Monday, January 30, 2012

Middle School


Middle School

      I listened to the story called Middle School aired last year that was basically an interview where a host, Ira Glass, was talking to a 14-year named Annie who emailed the website with a suggestion for a show. She said she got the idea for this show because of a conversation she had with her friends earlier that day but did not want to put her name in the email because she feared being ridiculed by her fellow classmates.
 The entire interview was sound clips with some music of the interview between Glass and Annie. There were some direct quotes from Annie, but at some times Glass did summarize a response she had with an indirect quote. The music that was played was suitable for the audience this story was intended to attract. It wasn’t too childish but not too mature either.

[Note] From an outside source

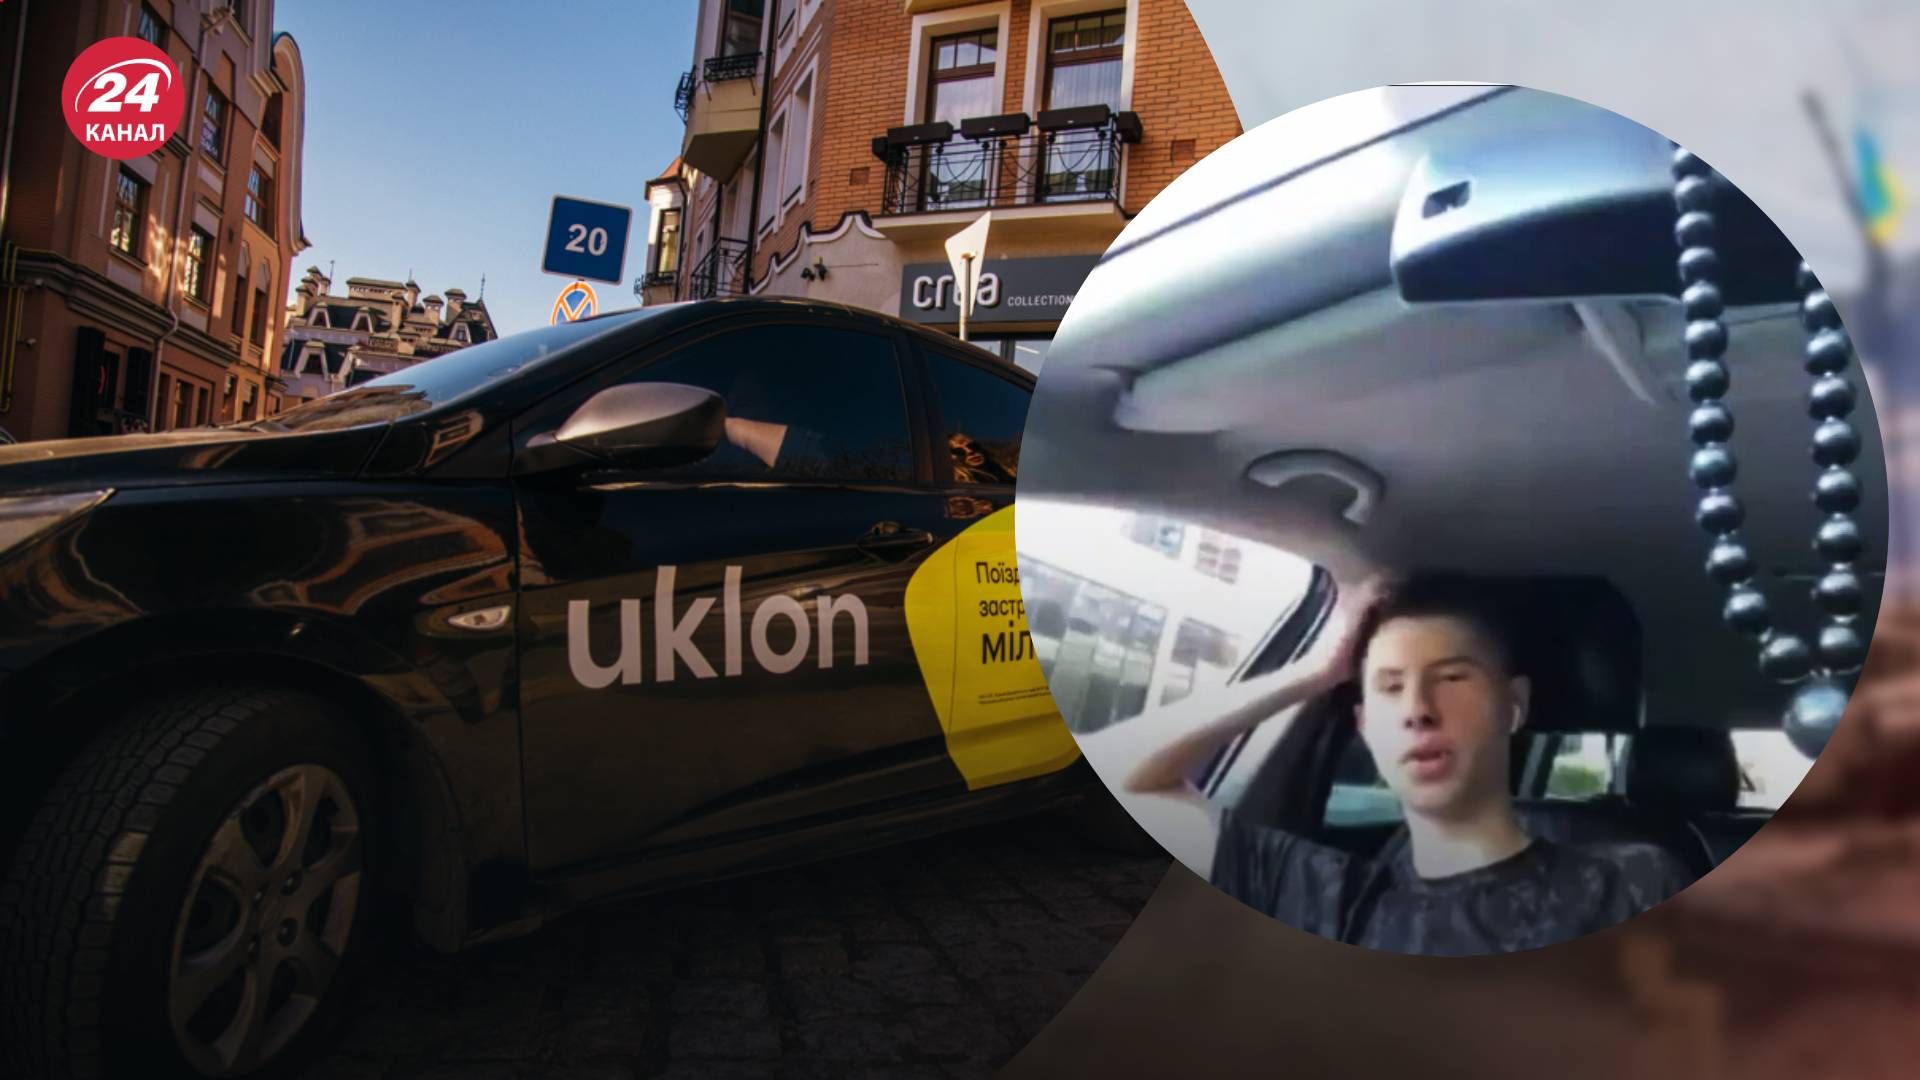 Таксист Uklon у Києві втрапив у скандал

After the interview, Glass talked to some specialists about the stage of a child’s life where they are in the middle of being an adolescent and a teenager. During this part of the audio, you heard the voices of both Glass and the specialist and some music. While she was discussing the part of a child’s life where they are acting more like children, you heard music from different famous cartoons that children watch often. But once she moved on to their earlier stages of the teen years, different music came on.

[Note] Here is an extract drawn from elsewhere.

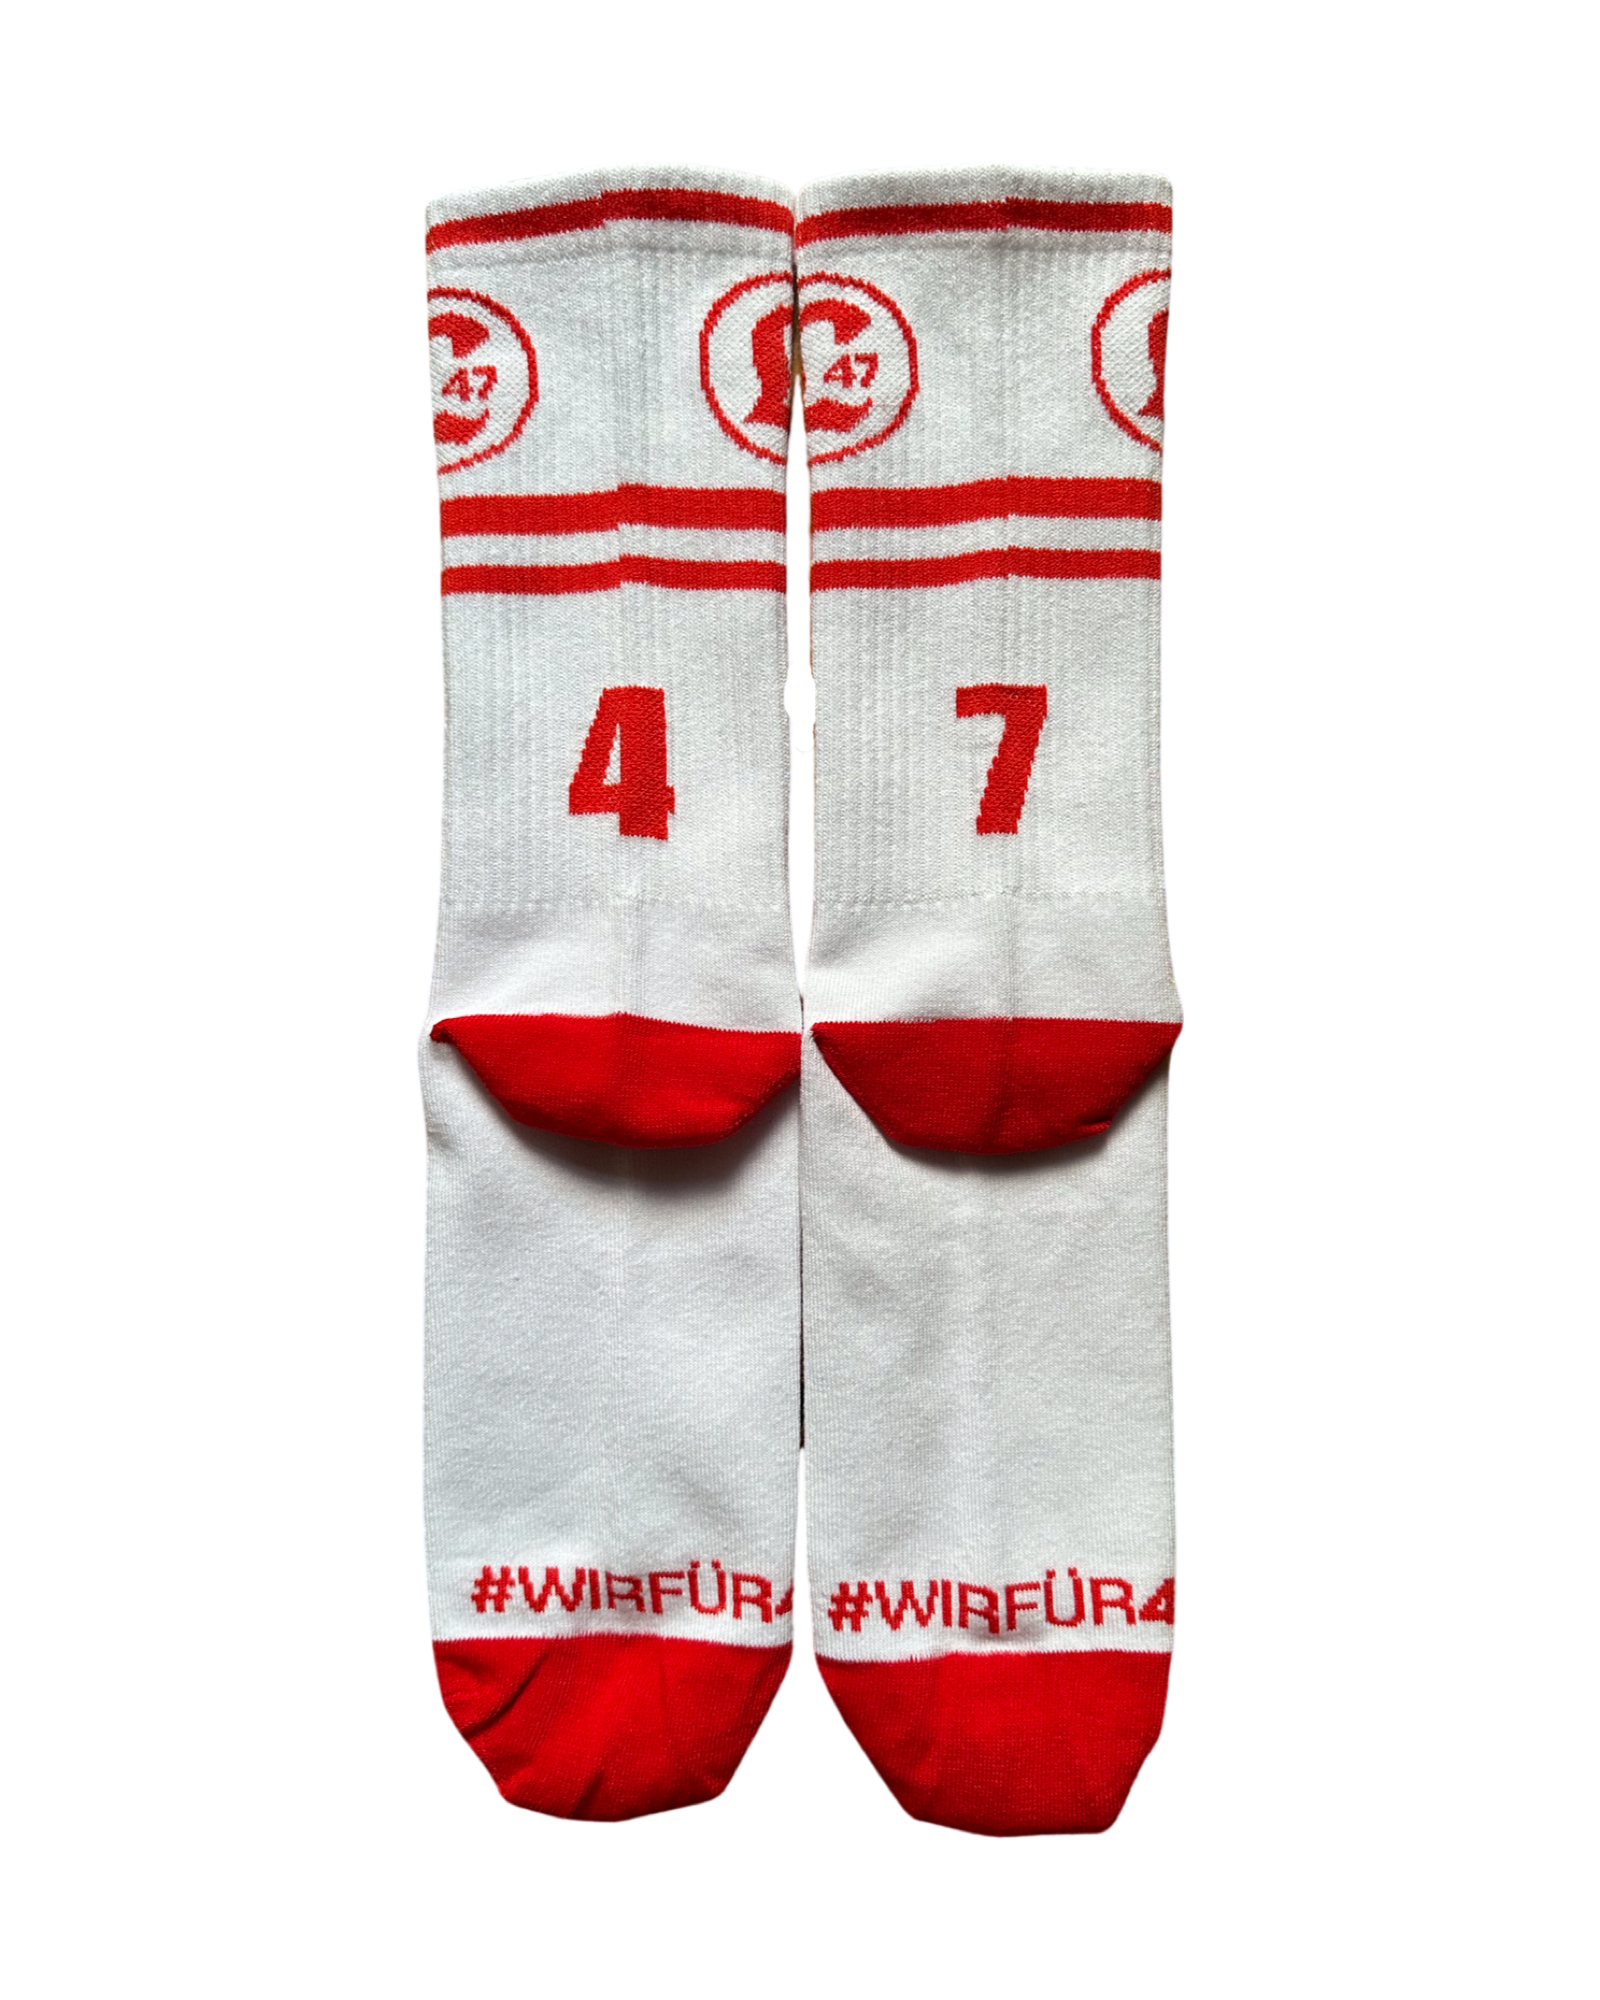 47er Socken Weiß - Lichtenberg 47

Like it said on the website campfire journalism website, dialogue allows the audience to see and hear characters interaction with one another. Instead of just using quotes form Glass’s interview with Annie and putting them in a written story, he decided to make an auditory story that allowed his audience to be able to hear first-hand exactly how she answered the questions—where she laughed, when she paused, when she got quiet. All those little things played a very important part in being able to adequately tell this story.
Later on in a different interview with a teacher talking about students during a middle school dance, you could hear in the background the kids laughing, yelling and having fun along with the music. This was a brilliant idea because everything the interviewee was talking about, we could also hear in the background.